Hawaii’s Hepatitis A outbreak continues to grow even after state health officials identified the source of the virus. The outbreak, now the state’s largest-ever Hepatitis A outbreak, has prompted a class action against the Genki Sushi chain of restaurants that could potentially include 10,000 or more plaintiffs – essentially anyone who dined at a Genki Sushi location in Oahu or Kauai during the past five months, lawyers involved in the case say.
On Aug. 15, the Hawaii Department of Health determined that raw, frozen scallops imported from the Philippines were the source of the Hepatitis A virus that has sickened at least 228 people, including 58 who required hospitalization.
Health officials found that Genki Sushi used the raw scallops in some of the sushi it served and subsequently ordered 11 of the restaurant chain’s locations to temporarily close.
Lead plaintiff Bryan Cuelho of Waialua allegedly ate the contaminated scallops at a Genki Sushi location in Waikele, Oahu, on Aug. 6. News of the outbreak prompted him to get a hepatitis A vaccination on Aug. 16.
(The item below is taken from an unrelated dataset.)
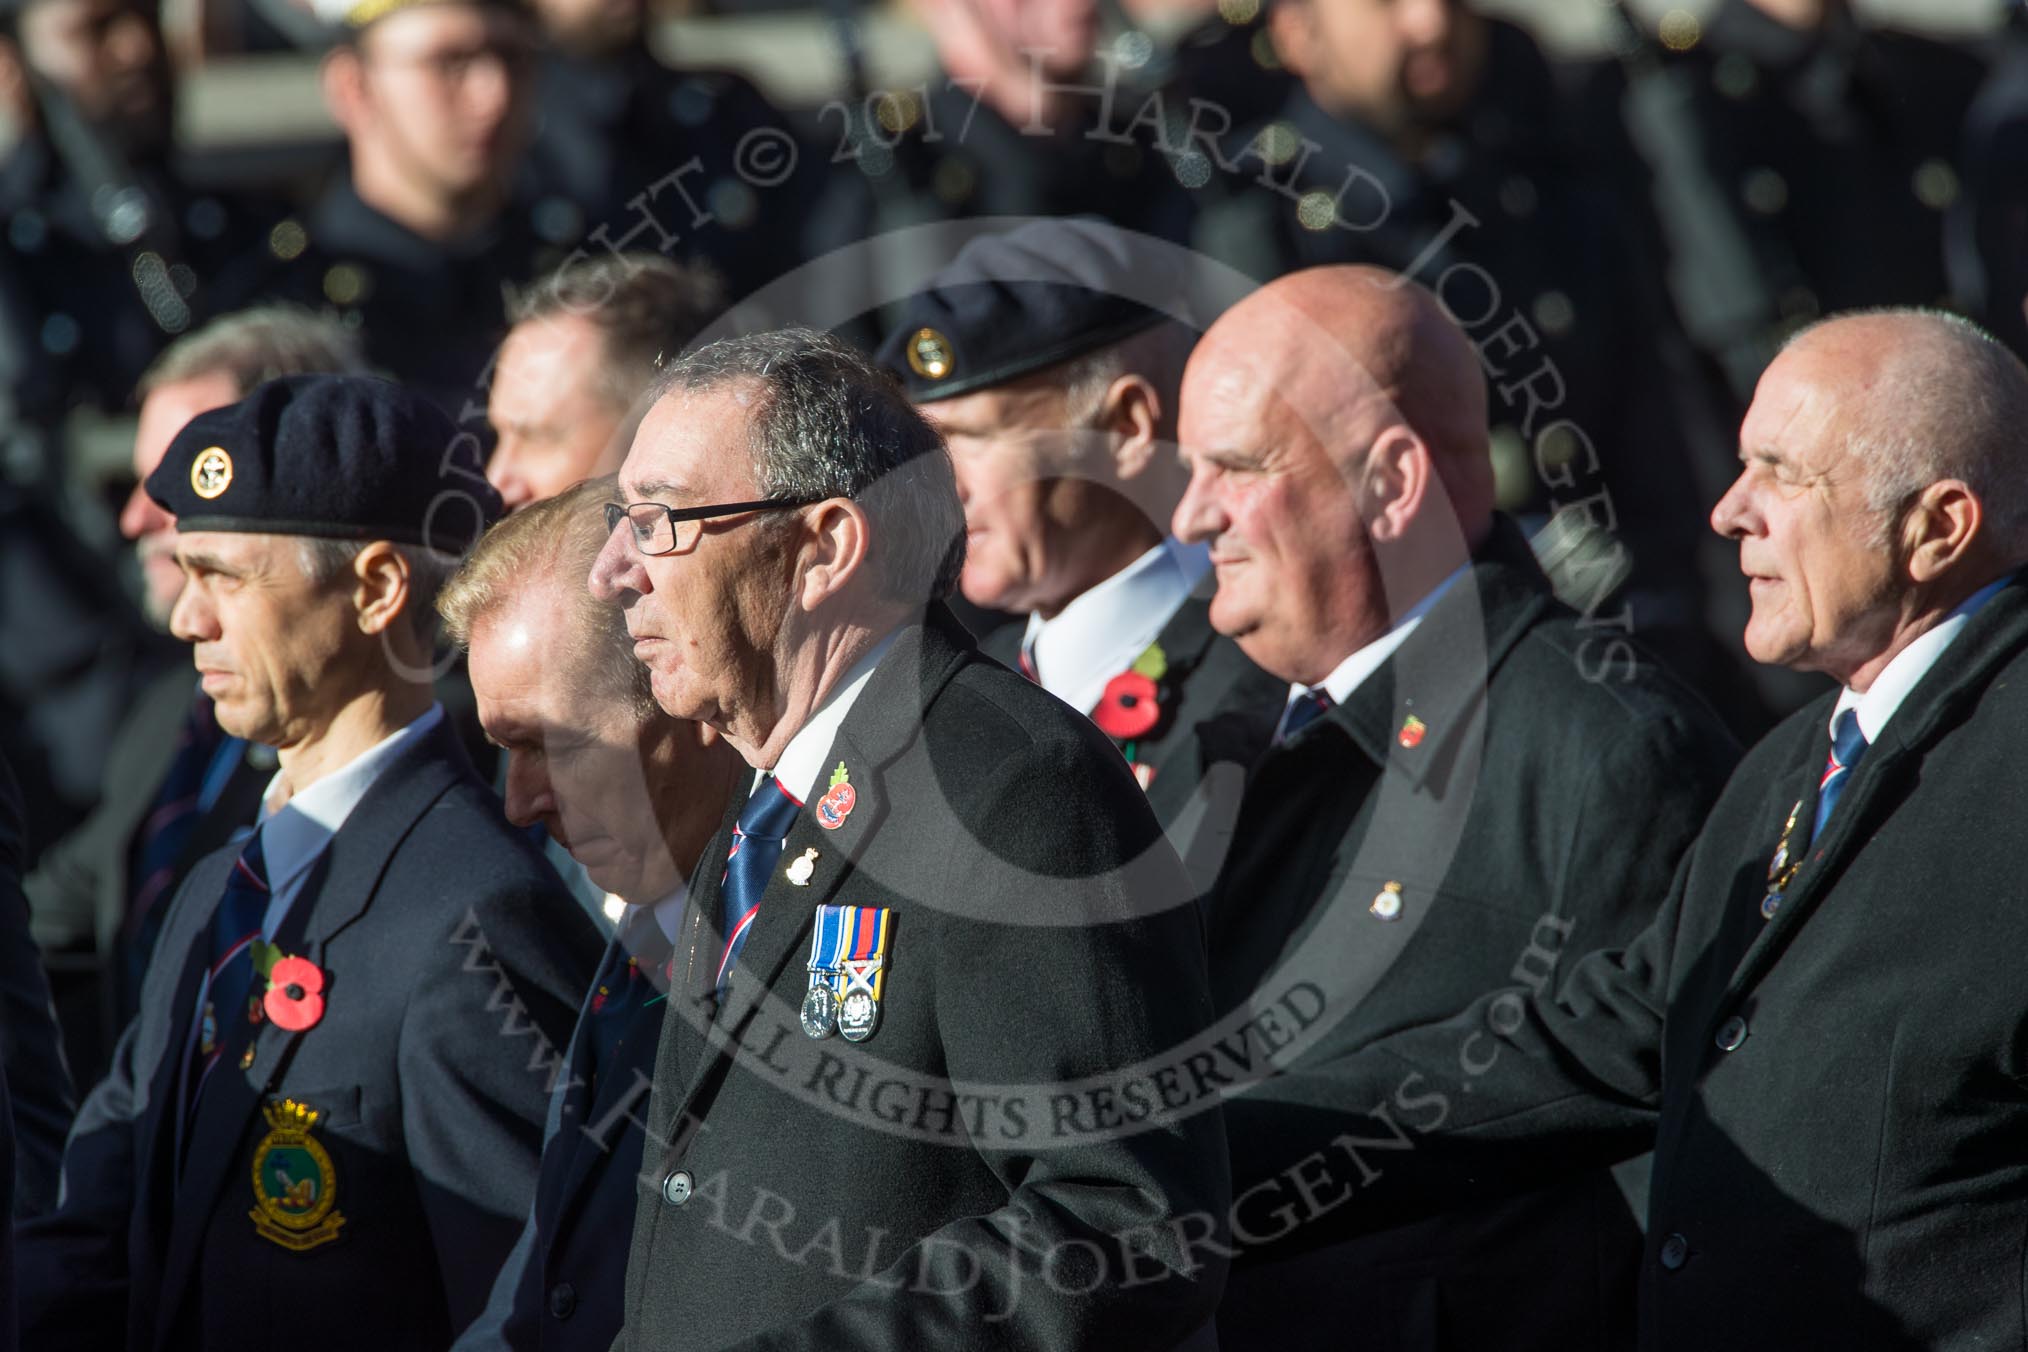 County Class Destroyer (Group E43, 30 members)  during the Royal British Legion March Past on Remembrance Sunday at the Cenotaph, Whitehall, Westminster, London, 11 November 2018, 11:47.

Health officials advised anyone who ate sushi at a Genki Sushi location in the past two weeks to receive a post-exposure hepatitis A vaccination or immune globulin shot, which are still effective against the virus in the incubation stage. It can take up to 50 days for symptoms of hepatitis A to manifest.
Inside the body, the hepatitis A virus causes the liver to swell and prevents it from functioning properly. Symptoms include fatigue, nausea, abdominal pain, loss of appetite, and fever. Some people may also experience joint or muscle pain, diarrhea, vomiting, dark urine, itching, weight loss, or yellow skin and eyes.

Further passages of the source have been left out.